• **Activity**:
The listing below should be printed exactly, every line of it. Skip the pictures.

• **Recorded data**:
'''

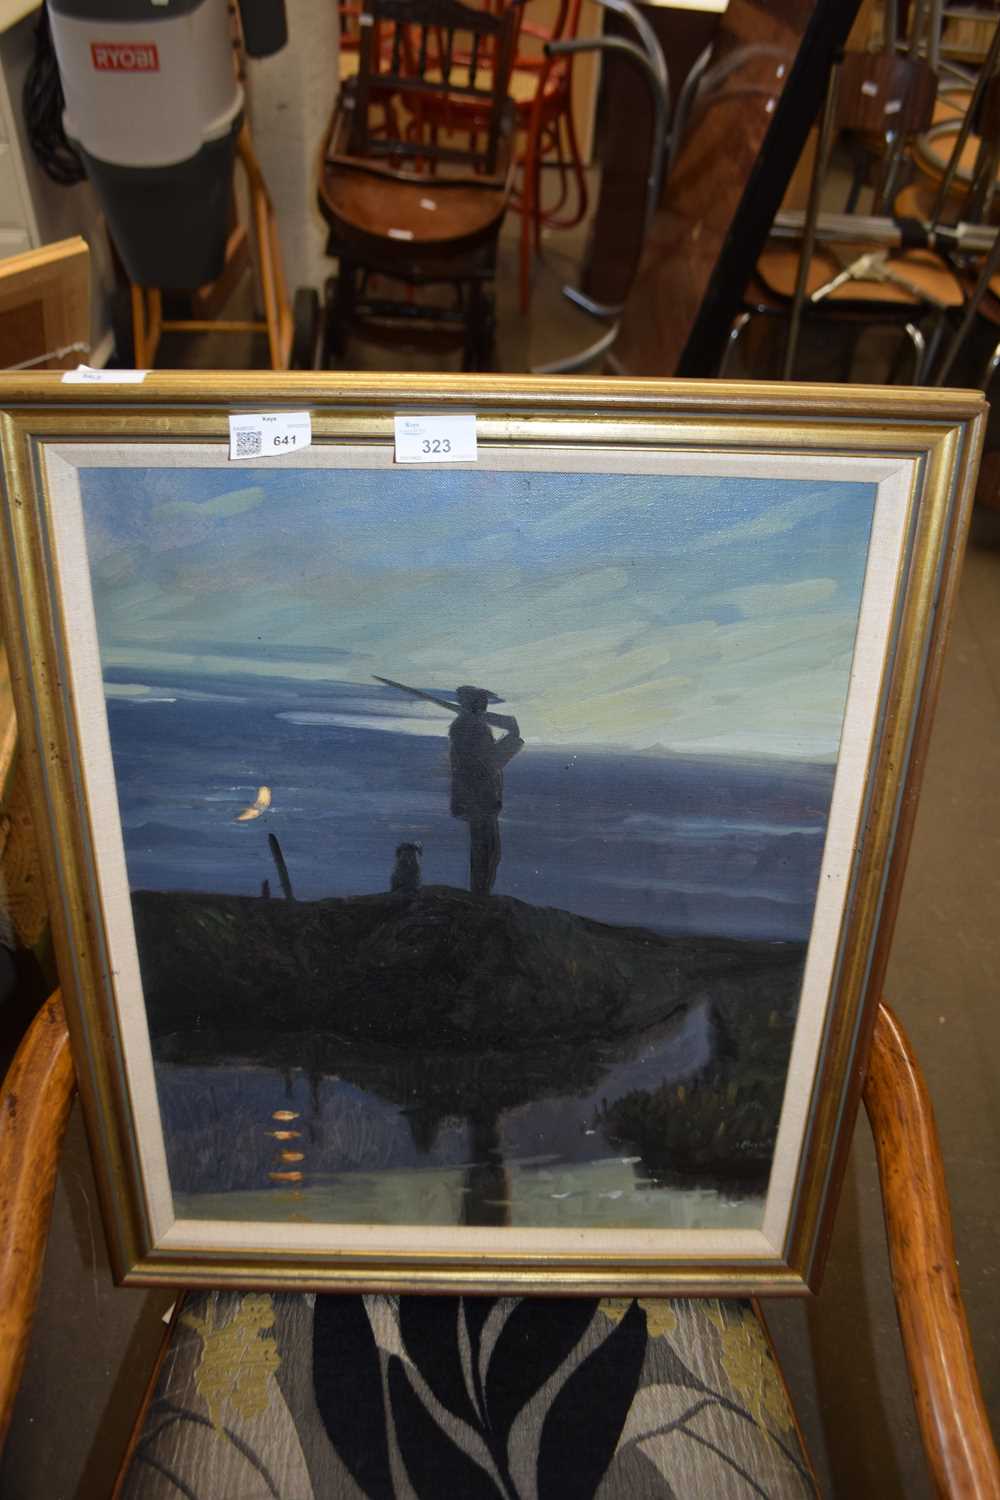 Lot 102 - British, Contemporary, Norfolk landscapes at...
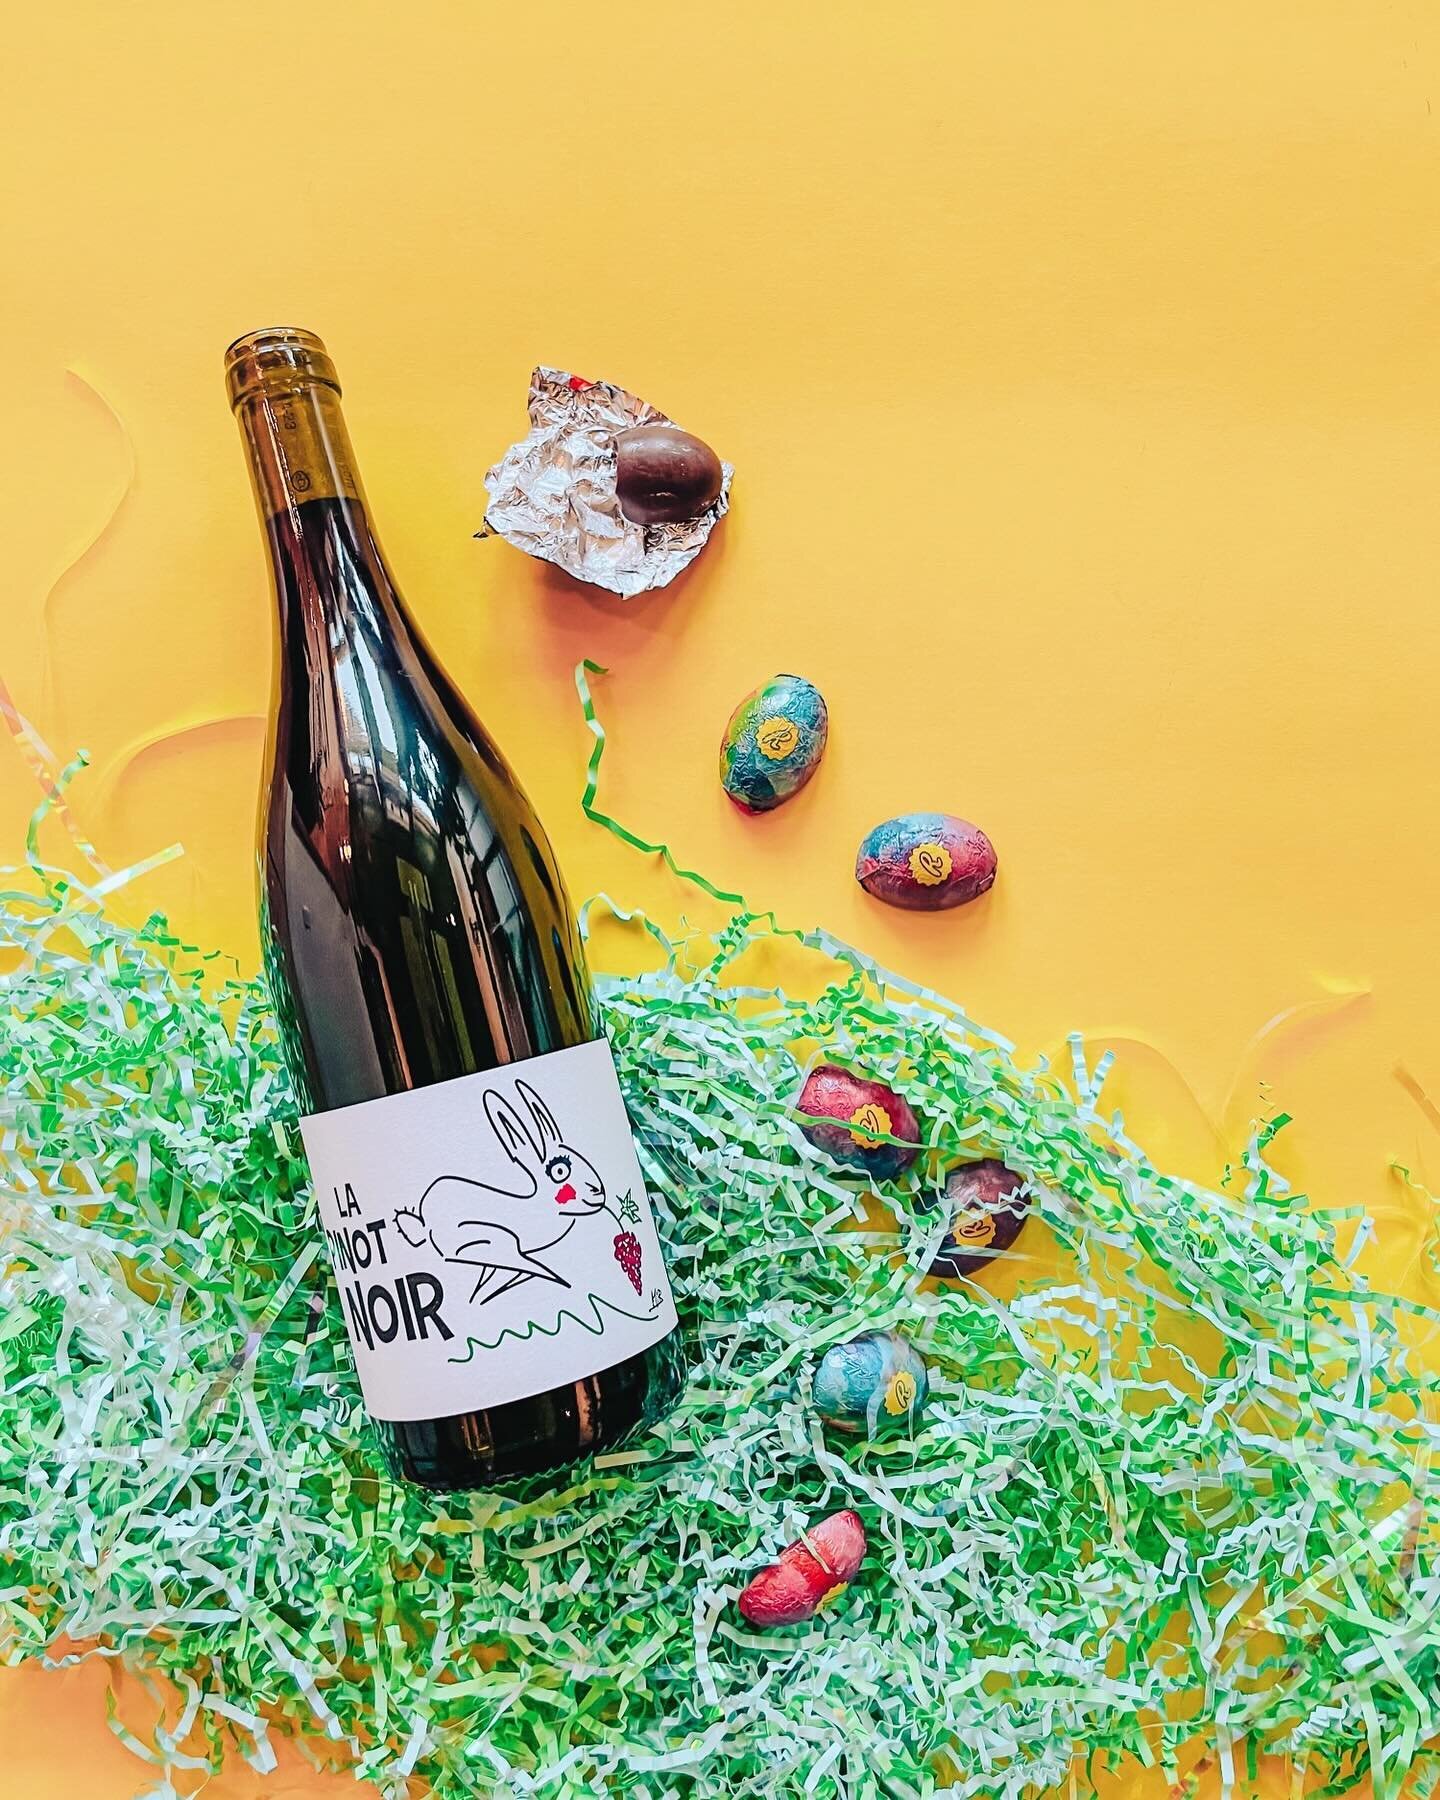 Hop on over to our corner of Oakley and stock up for your weekend! A bottle may not fit inside a plastic egg, but it sure can taste nice alongside something sweet.

Open 3-10 Thursday, 1-10 Friday + Saturday, closed March 31 🍬🍷

'''

• **Completed task**:
 Lot 102 - British, Contemporary, Norfolk landscapes at...
 Hop on over to our corner of Oakley and stock up for your weekend! A bottle may not fit inside a plastic egg, but it sure can taste nice alongside something sweet.

Open 3-10 Thursday, 1-10 Friday + Saturday, closed March 31 🍬🍷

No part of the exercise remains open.